In  conclusion,  there  are  three  well-established laws  of  movement  learning  and  control:  the  law of practice, Fitts’s law, and Hick’s law. The law of practice  describes  the  relationship  between  practice and learning; Fitts’s law describes the relationship between movement speed and accuracy; and Hick’s law describes the relationship between the time  taken  to  prepare  a  movement  response  and the  number  of  possible  movement  response  alternatives. The relationships described by these laws apply to many different populations and types of movement in sport and exercise. The laws afford the  identification  of  practice-related  conditions that  promote  movement  learning  and  predictions about  how  individuals  will  perform  in  situations requiring movement. As such, the laws are fundamental within the discipline of sport and exercise psychology (SEP).

References:

  1. Eccles, D. W., Ward, P., & Woodman, T. (2009). The role of competition-specific preparation in expert sport performance. Psychology of Sport and Exercise, 10,96–107.

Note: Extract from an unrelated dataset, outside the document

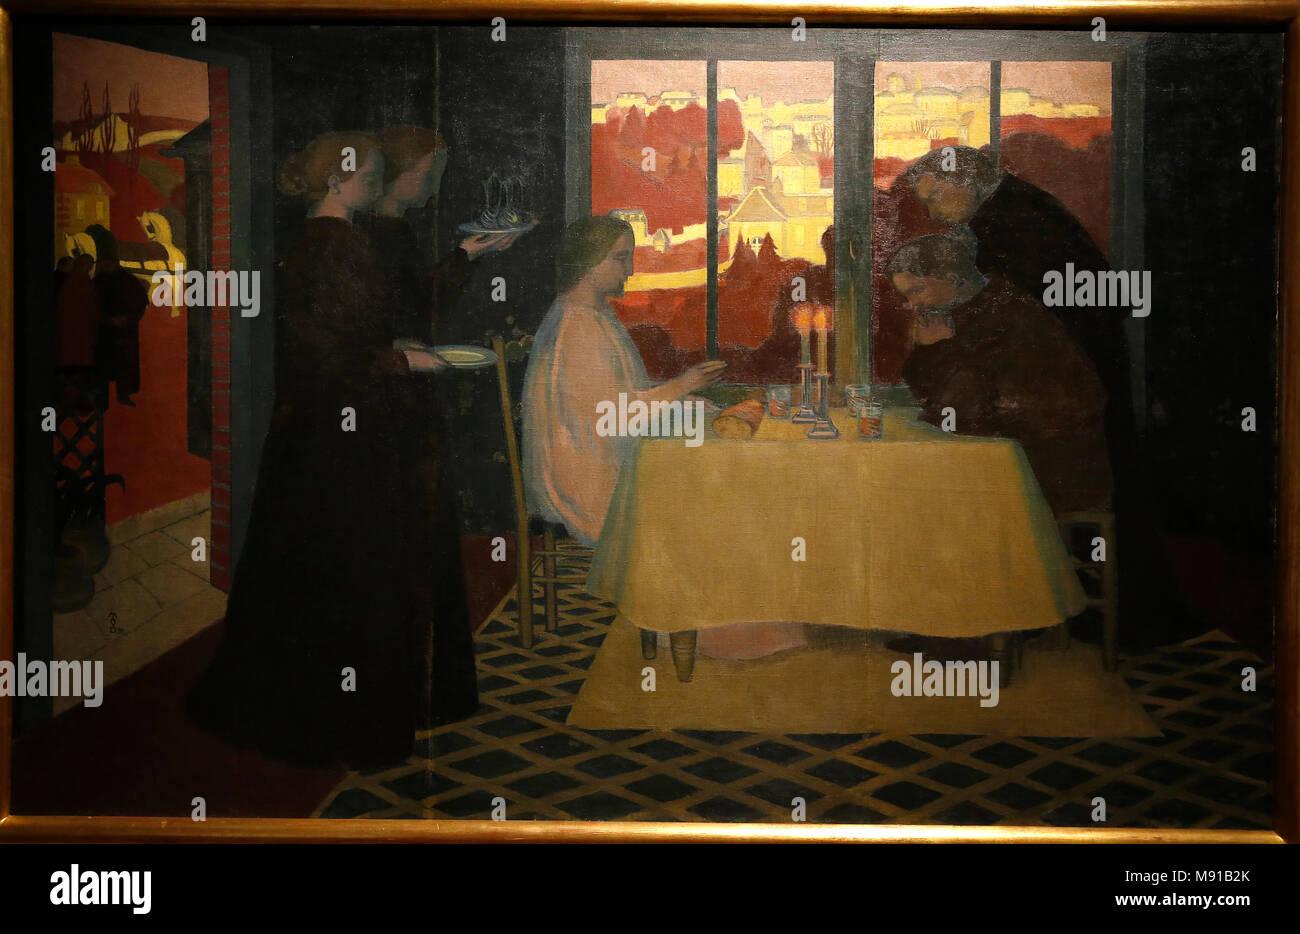 Maurice Denis museum, Saint Germain en Laye, France. Maurice Denis, Les Pelerins d'Emmaus (The Emmaus pilgrims), oil on canvas, 1895. - Stock Image
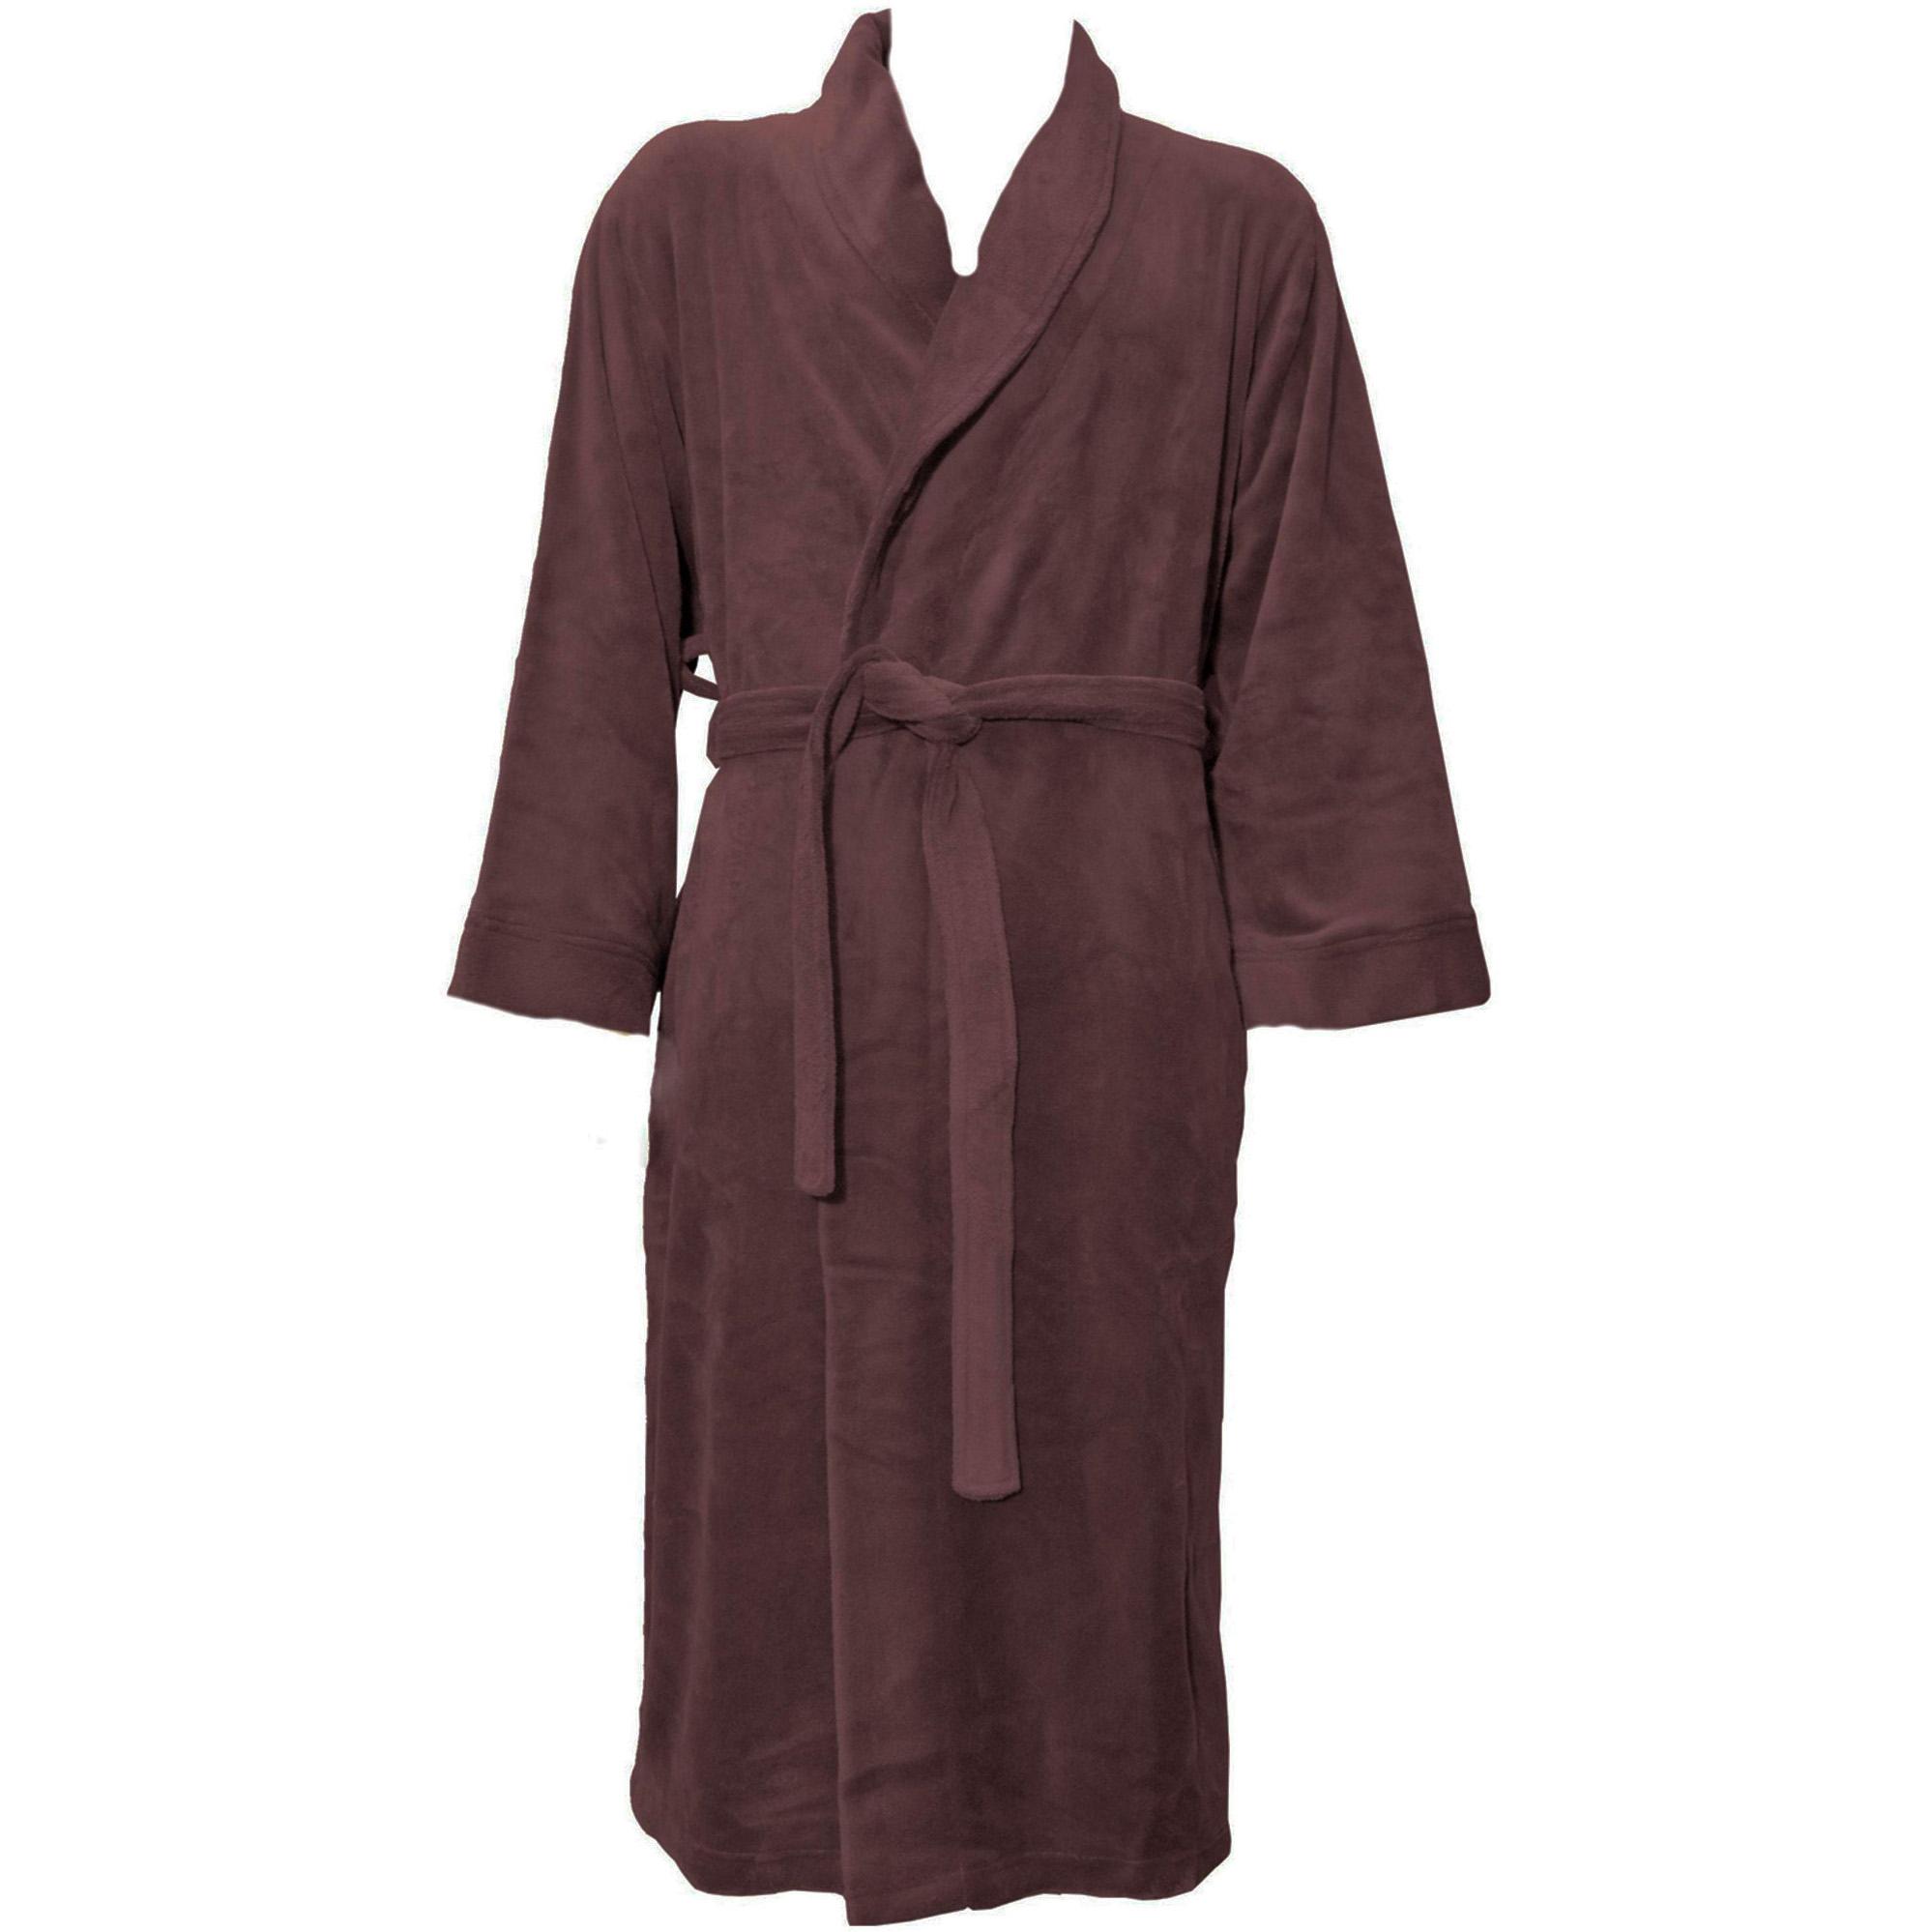 Simplicity Luxury Soft Plush Spa Wrap Long Bathrobe with ...

  2. Ericsson, K. A., Krampe, R. Th., & Tesch-Römer, C. (1993). The role of deliberate practice in the acquisition of expert performance. Psychological Review, 100, 363–406.
  3. Lee, T. D. (2011). Motor control in everyday actions.Champaign, IL: Human Kinetics.
  4. Magill, R. A. (2007). Motor learning and control: Concepts and applications. New York: McGraw-Hill.
  5. Schmidt, R. A., & Lee, T. D. (2011). Motor control and learning: A behavioral emphasis (5th ed.). Champaign, IL: Human Kinetics.